1. David Belcheff - January 2, 2006

Another problem with fill-in-the-bubble assessments is that they measure only the lowest levels of Bloom’s Taxonomy/convergent thinking skills (1+1=2, for you & me & her & him). It is matter of laziness on the part of adults: in order to measure the higher cognitive functions, namely critical and creative thinking/divergent thinking skills, the test scorer must use her or his own higher cognitive skills…. in other words, make judgment calls based on her or his own critical thinking and assessment tools based on her or his own creative thinking, something much messier than a neat little bubble. Throw in learning styles such as Howard Gardner’s 7 kinds of intelligence and similar conclusions regarding the goals of education, and the task of assessment becomes exponentially more daunting – or exciting and challenging, depending on how you view it. We are barely at the stage of discerning between students’ abilities to read words and comprehend their meaning… get us out of here, please.
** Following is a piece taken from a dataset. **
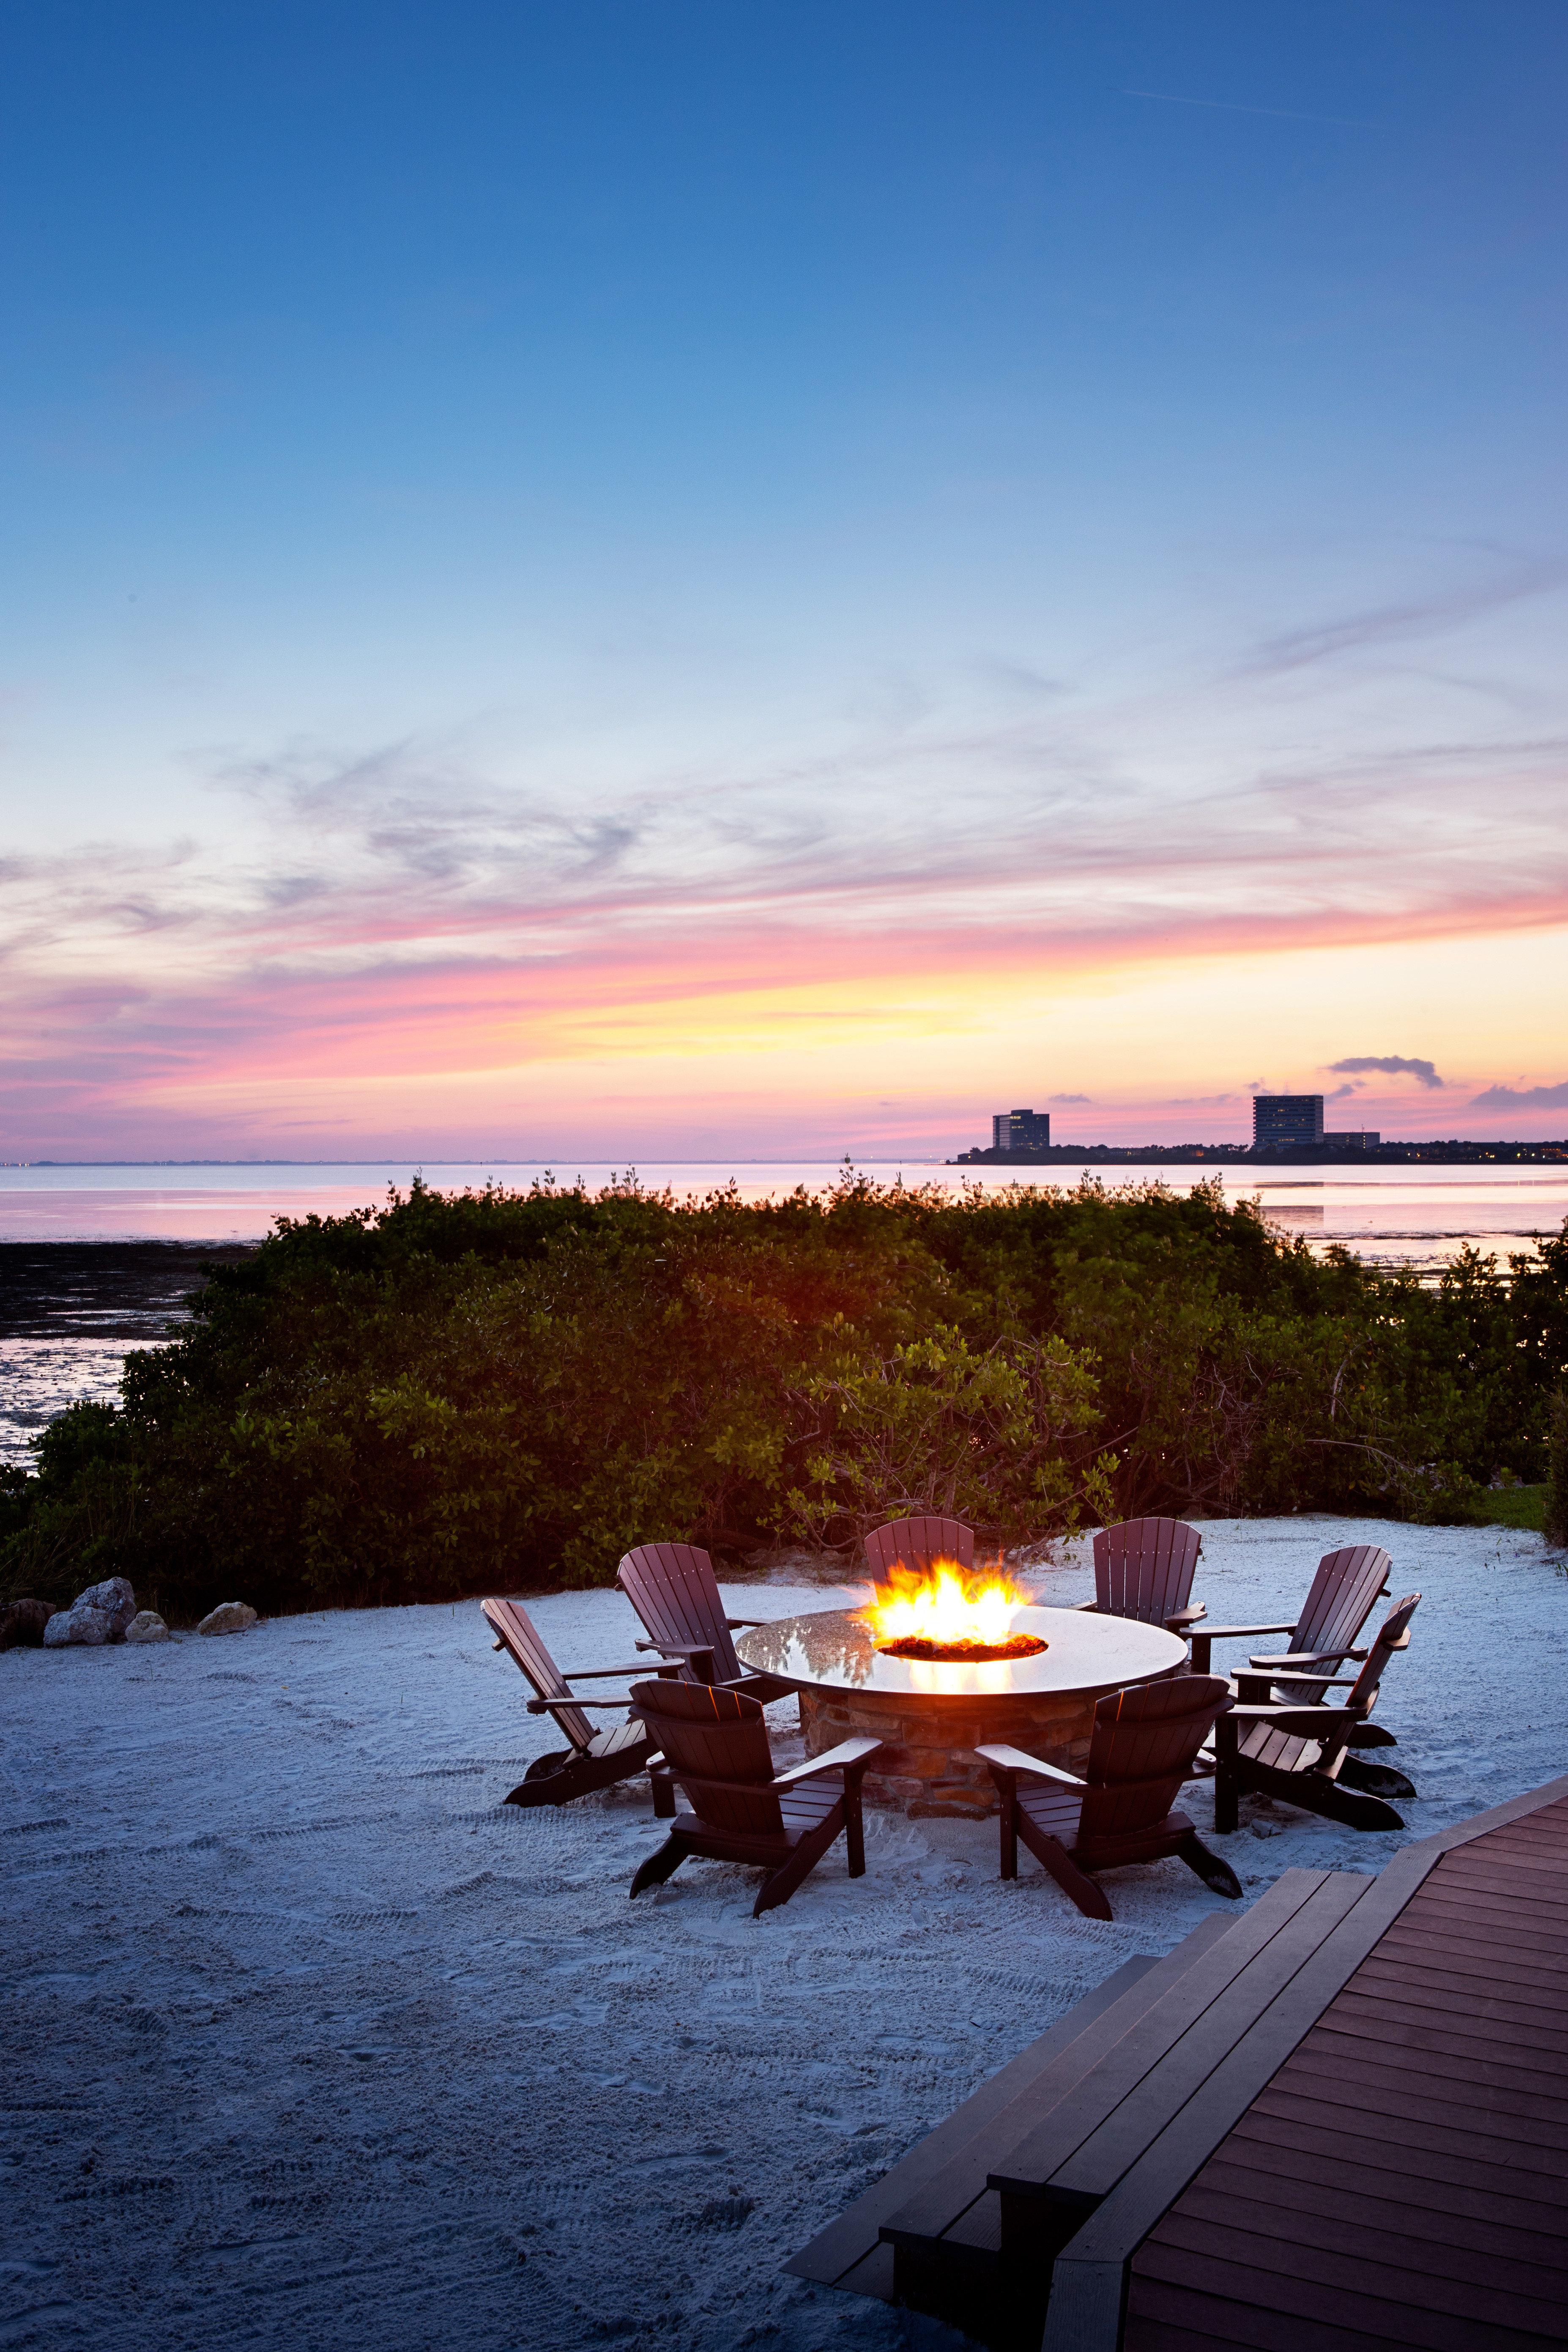 Beach Firepit Lounge Luxury Sunset sky water horizon sunrise Sea dawn Ocean morning shore dusk evening cloud sunlight Coast Nature
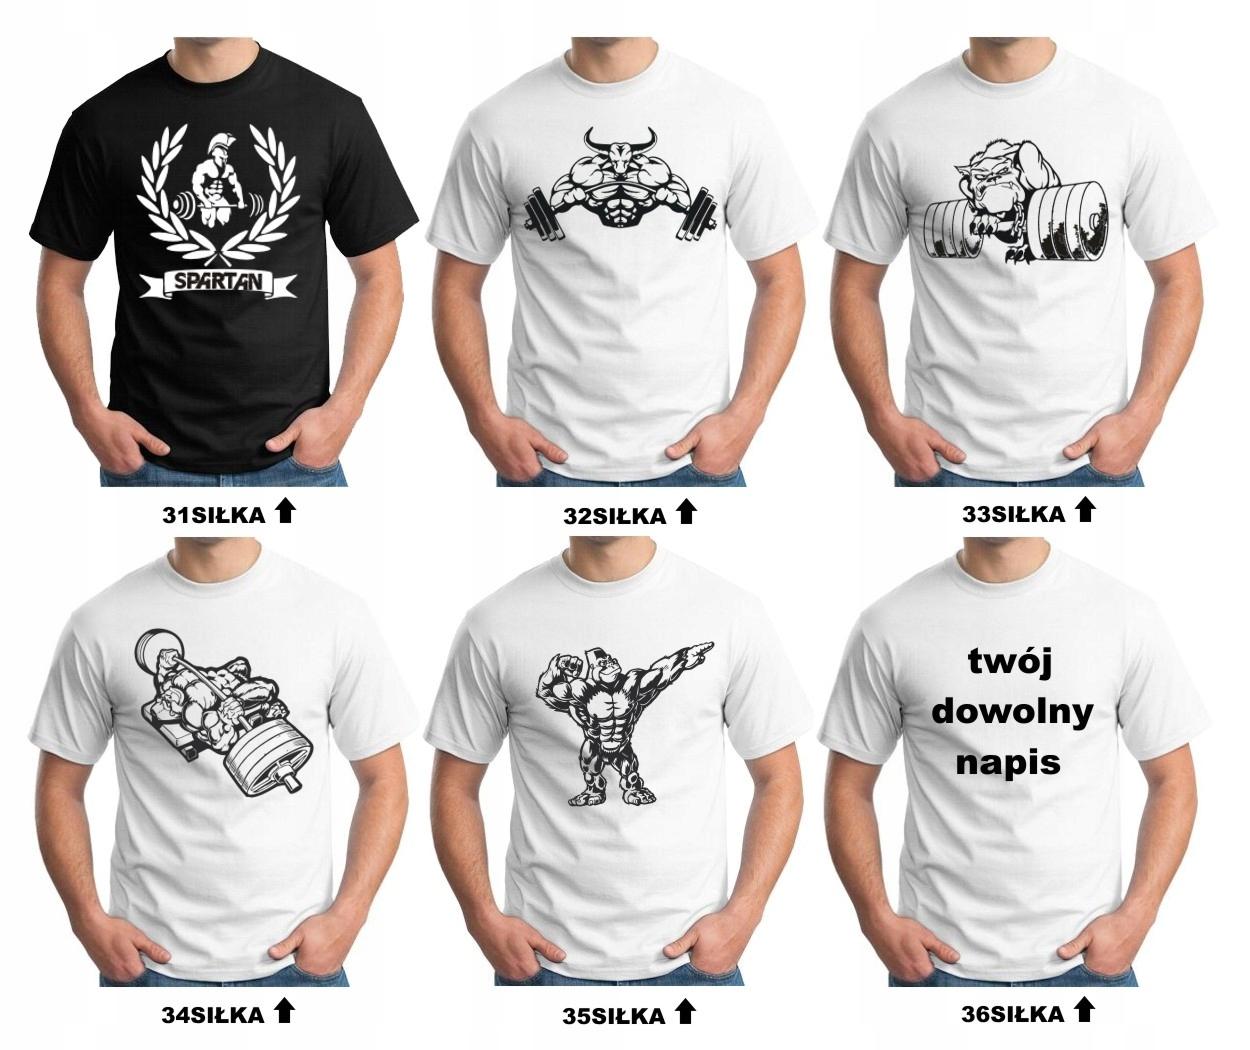 Koszulka Na Silownie Pompa Dobry Dzik Koks Sterydy 7649699772 Allegro Pl

A plethora of studies that include solid longitudinal research all find links between a strong foundation in the arts and humanities and high test scores, yet the baseless perception that such curriculum is frivolous or at best a “luxury” persists. The whats & hows of testing will (must) change with advances in technology, but only policies based on an honest look at how children learn and how the higher cognitive functions can fairly be assessed will lead us out of this bubble-test nightmare that is leaching the love of learning right out of our children.